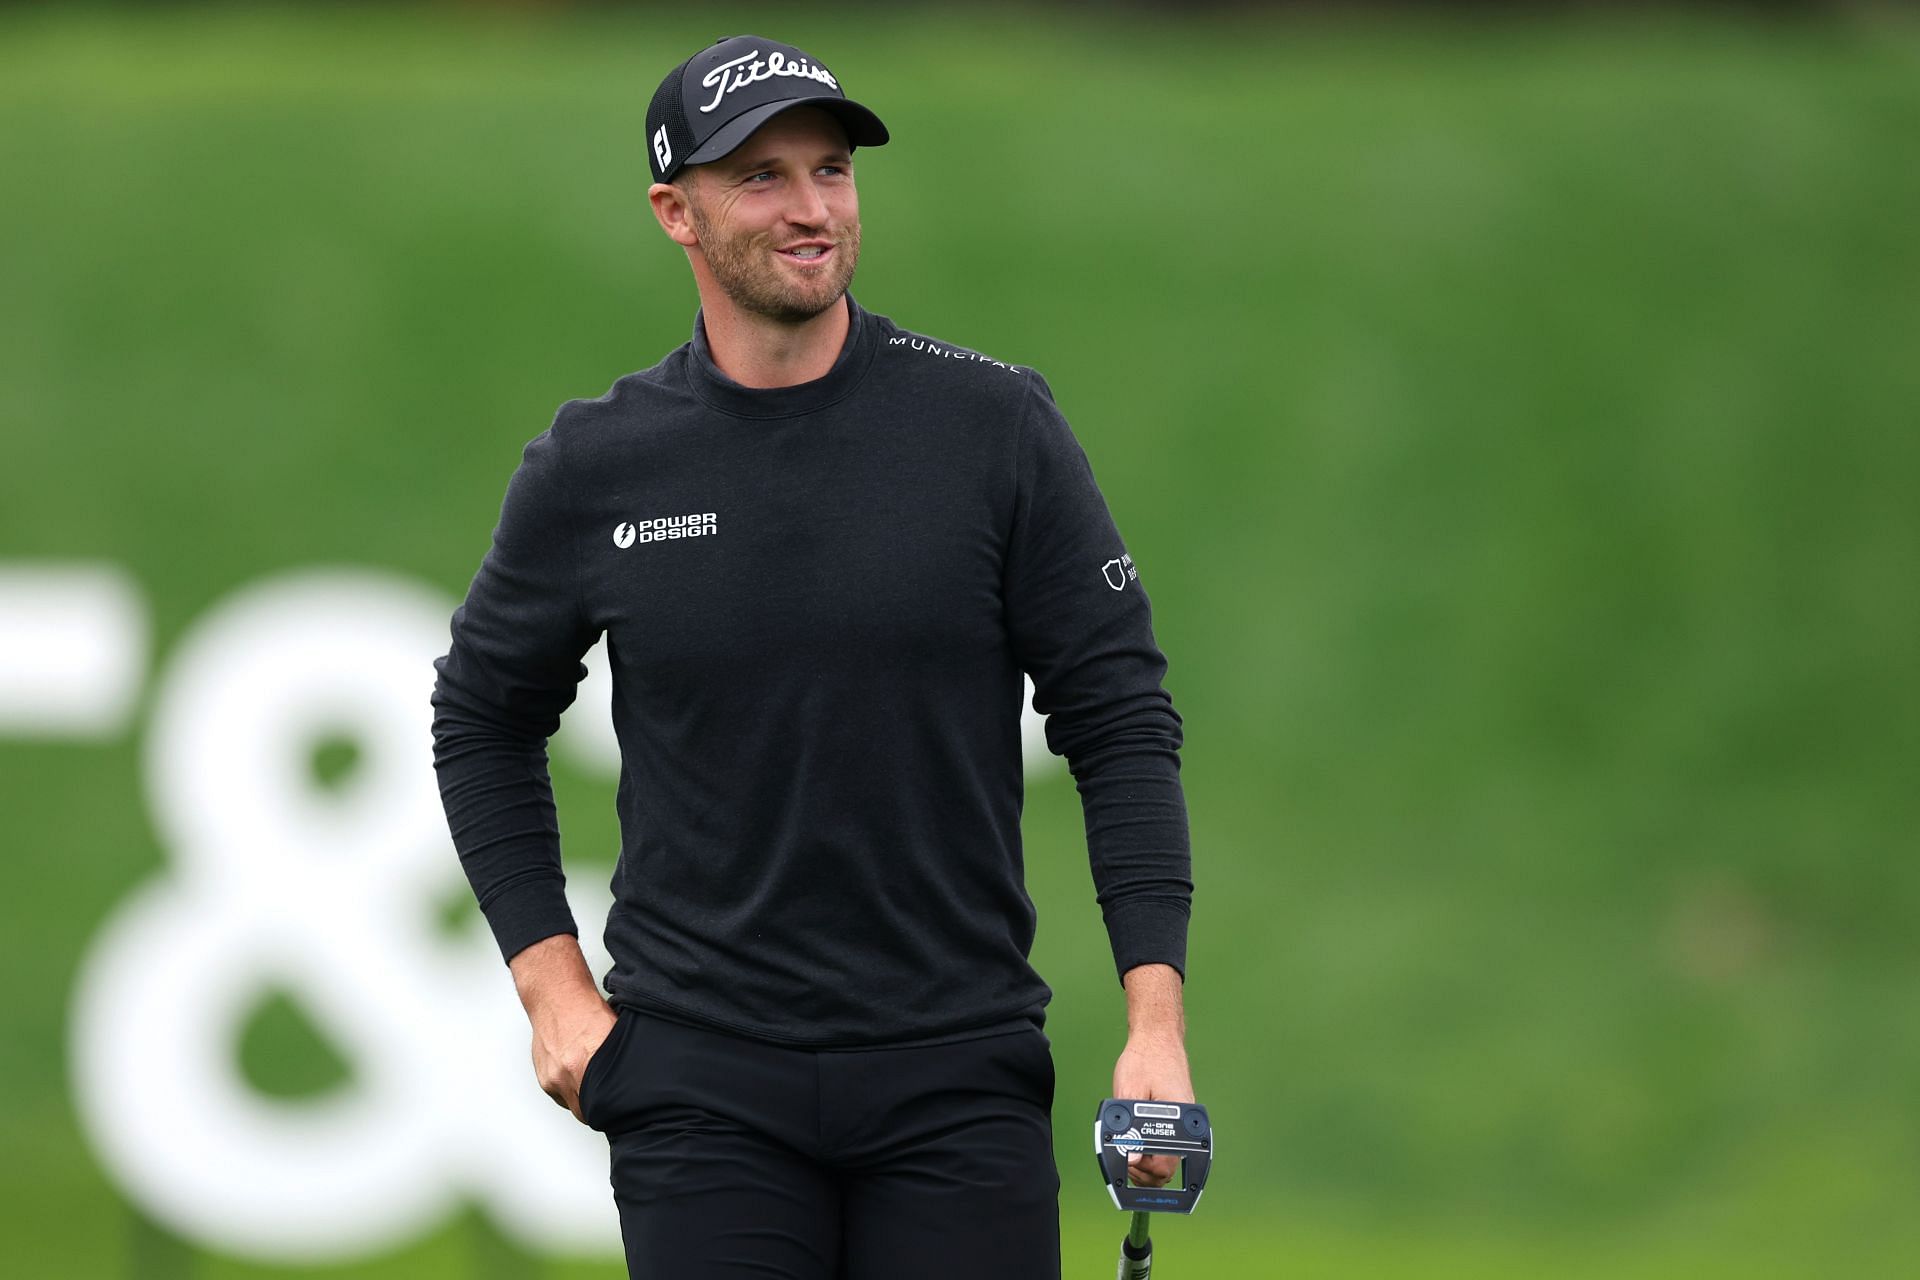 How much did Wyndham Clark win at the 2024 AT&T Pebble Beach ProAm
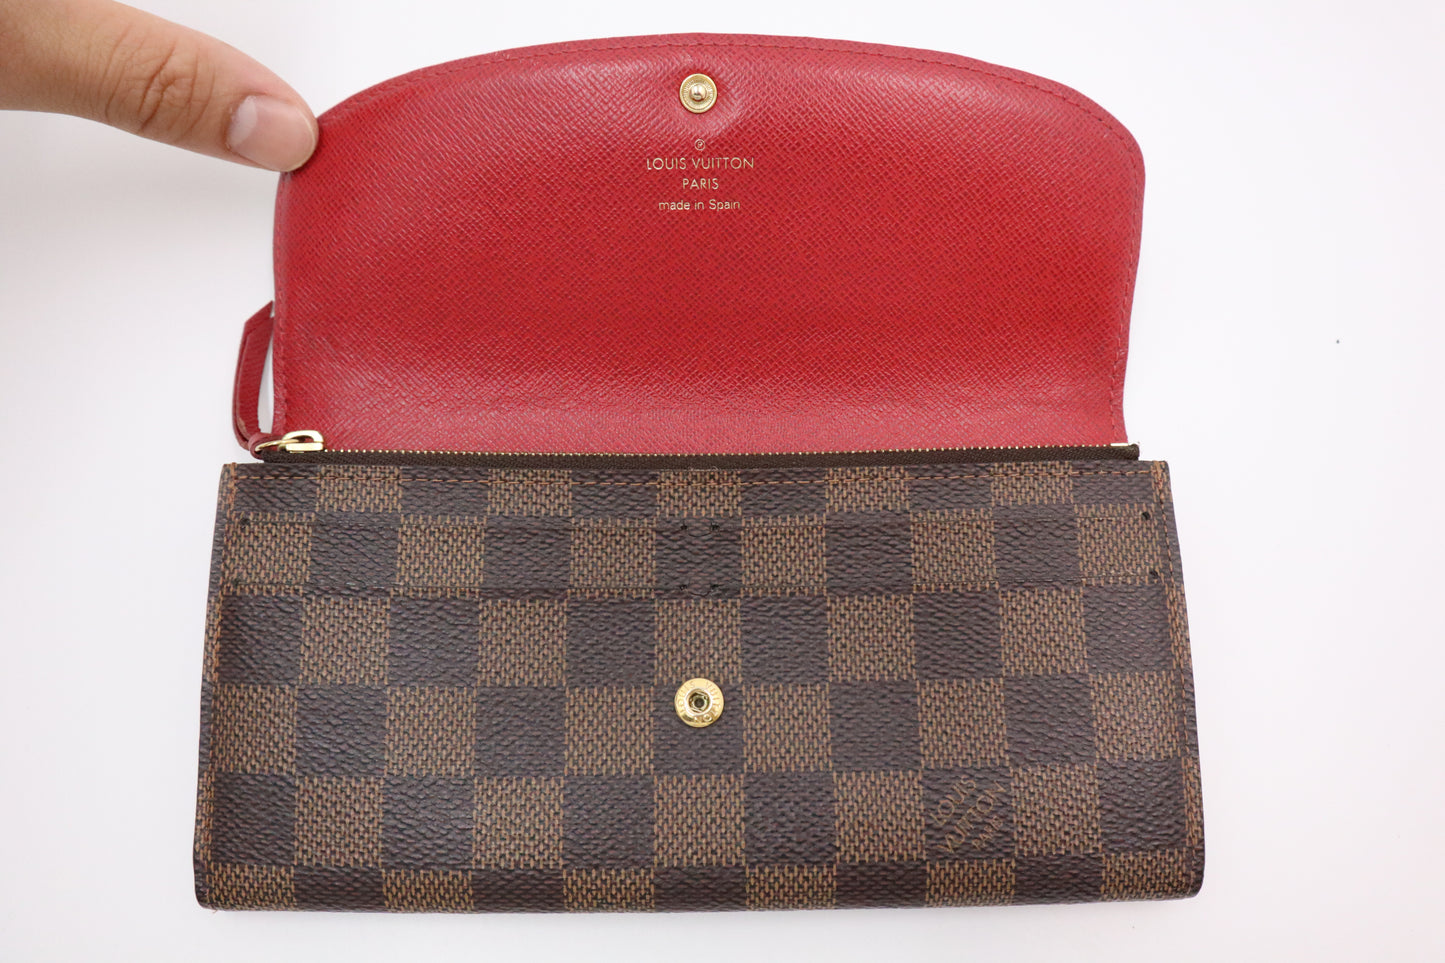 Louis Vuitton Emilie Wallet in Damier Graphite and Red Leather
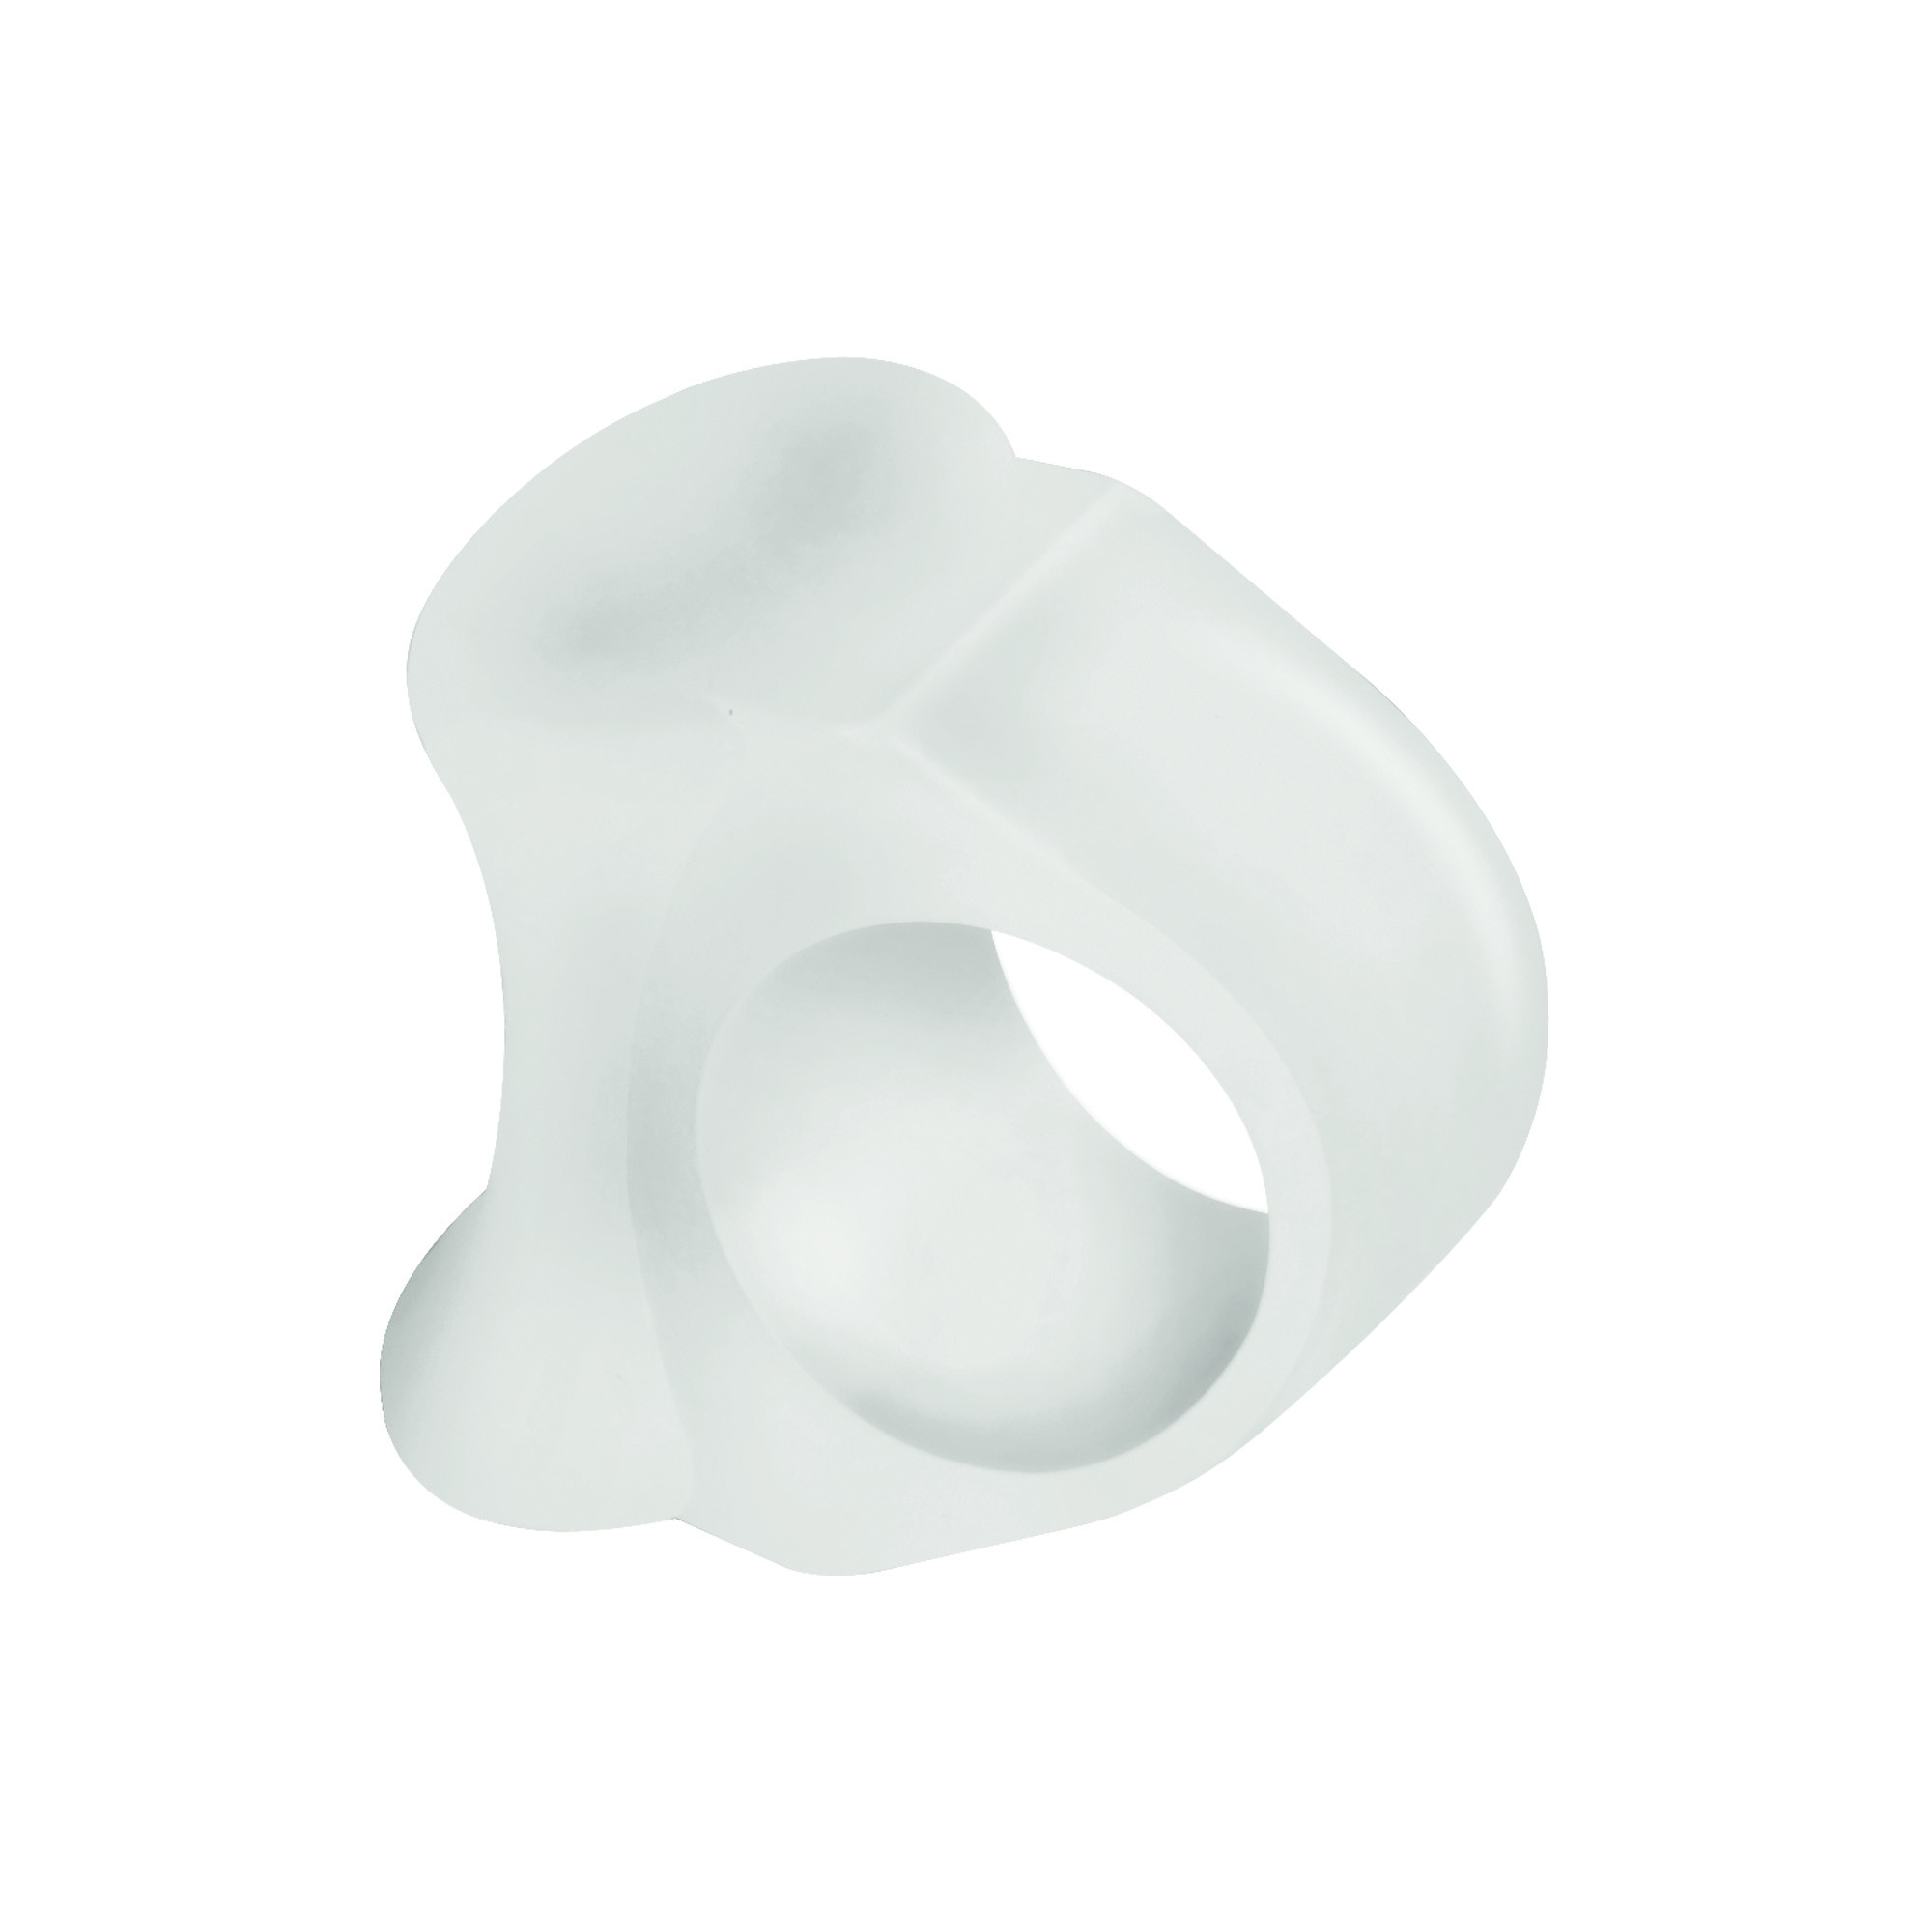 Alluxcare big toe separator and gel ring 1 pc
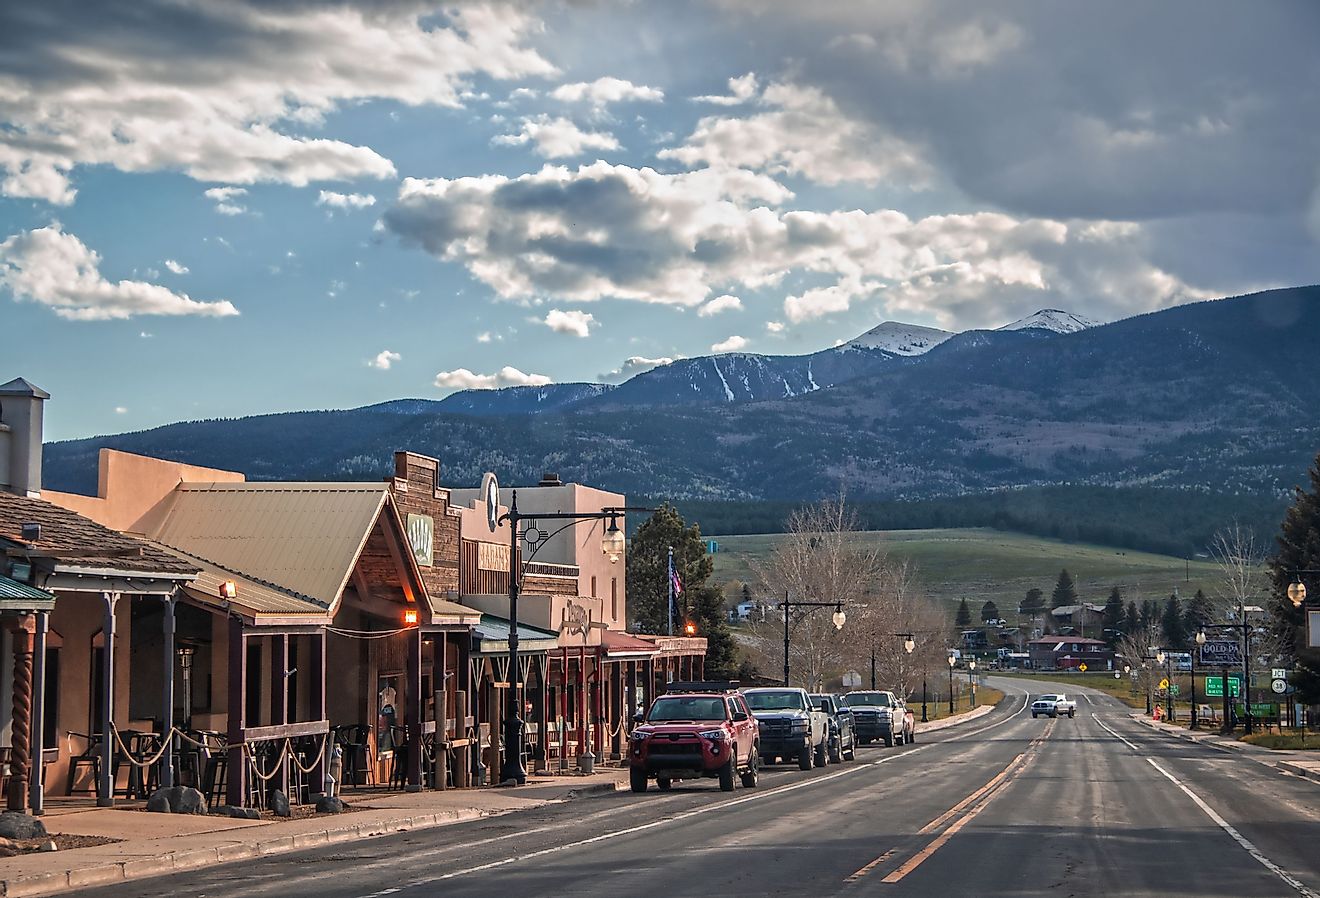 Downtown Red River, New Mexico. Image credit Red River New Mexico via Shutterstock

#### Exercise brief
Reproduce exactly the line containing "Alluxcare big toe" and every line after it in the material above, up to and including the last. Exclude all pictures.

#### Expected answer
 Alluxcare big toe separator and gel ring 1 pc
 Downtown Red River, New Mexico. Image credit Red River New Mexico via Shutterstock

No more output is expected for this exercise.